Review by Jack Foley

IndieLondon Rating: 3 out of 5

IT’S been so long since Hollywood delivered a genuinely satisfying romantic comedy that even one that comes close is kind of worth shouting about, albeit quietly.

No Strings Attached is no classic rom-com (far from it) but it at least tries to be smarter than most. A contemporary update of When Harry Met Sally that dares to further the question, Ivan Reitman’s film dares to ask whether best friends can become sex friends without complications.

It’s an intriguing question that opts for the obvious answer. But the presence of Natalie Portman, as well as a smarter than average supporting cast, does at least mean you can have some fun along the way.

Emma (Portman) and Adam (Ashton Kutcher) are the friends in question, although best friends is one of several stretches given that their bonding is intermittent at best over the course of many years.

But while things start out frisky, sexy and playful, Adam begins to yearn for more.

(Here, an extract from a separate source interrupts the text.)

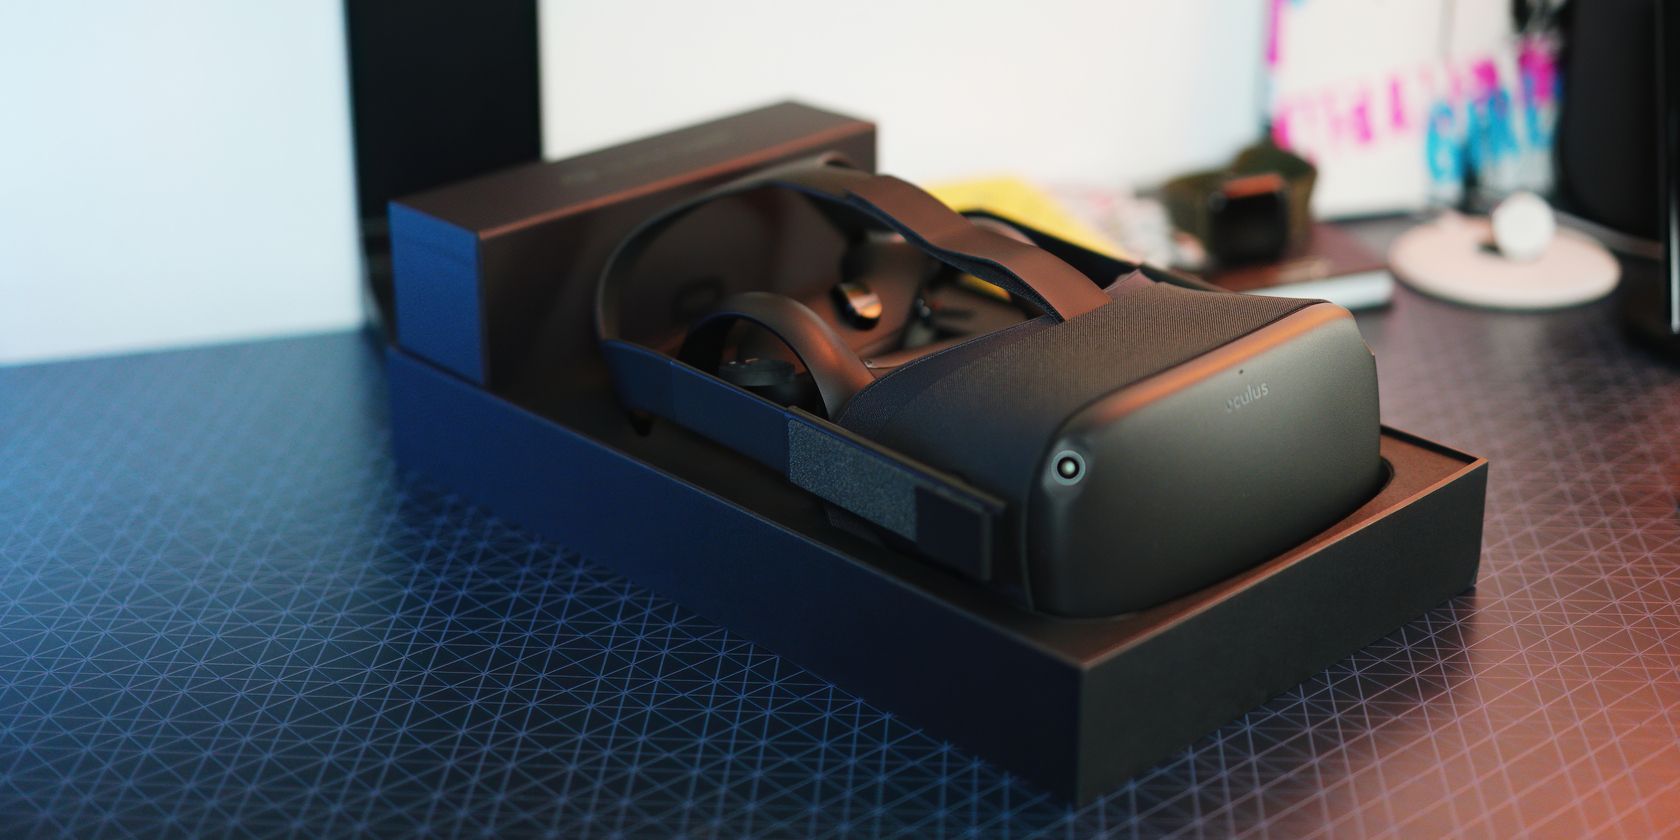 Oculus Quest in open box

Can he cast his feelings aside, though, for the sake of the friendship, or will Emma come to her senses and let her own true feelings prevail.

Reitman’s film, based on a screenplay from Elizabeth Meriwether, does take plenty of risks early on as it attempts to balance some gross out style comedy more befitting the Judd Apatow brand with the moves required of a more conventional rom-com – albeit one that places the man as the one with feelings!

In doing so, it plays to the strengths of a strong supporting cast with the likes of indie darling Greta Gerwig and Lake Bell standing out as, respectively, one of Portman’s best friends and Kutcher’s kooky manager, as well as Kevin Kline, as Kutcher’s juvenile dad and Olivia Thirlby and Jake M. Johnson.

Portman and Kutcher also make an amiable, even believable, odd couple – one that verbally jousts well, while tapping into a nicely self-depracating line of humour.

She gives the genre more brains than is normal, while playing down on the neurotic elements, while Kutcher steps up to the challenge of appearing alongside one of his more talented co-stars.

The humour is fun, too, especially when veering towards the edgy. This could be the first film to make jokes out of a woman’s time of the month, but the way it does so is funny rather than crass, and one of several rude talking points for guys and gals to discuss afterwards.

It’s just a shame that Reitman opts out during the film’s last act, preferring to go down the conventional rom-com route of having his star duo break up and make up rather than trying something braver and possibly more real.

He also drags out proceedings way longer than necessary, while callously discarding or ‘happy ending’ some of the film’s more interesting characters.

In doing so, he threatens to undermine the good work he has done in the build-up.

But then, as ever with the majority of mainstream Hollywood fare, you can’t take risks without some strings attached. To the overall detriment of everyone concerned!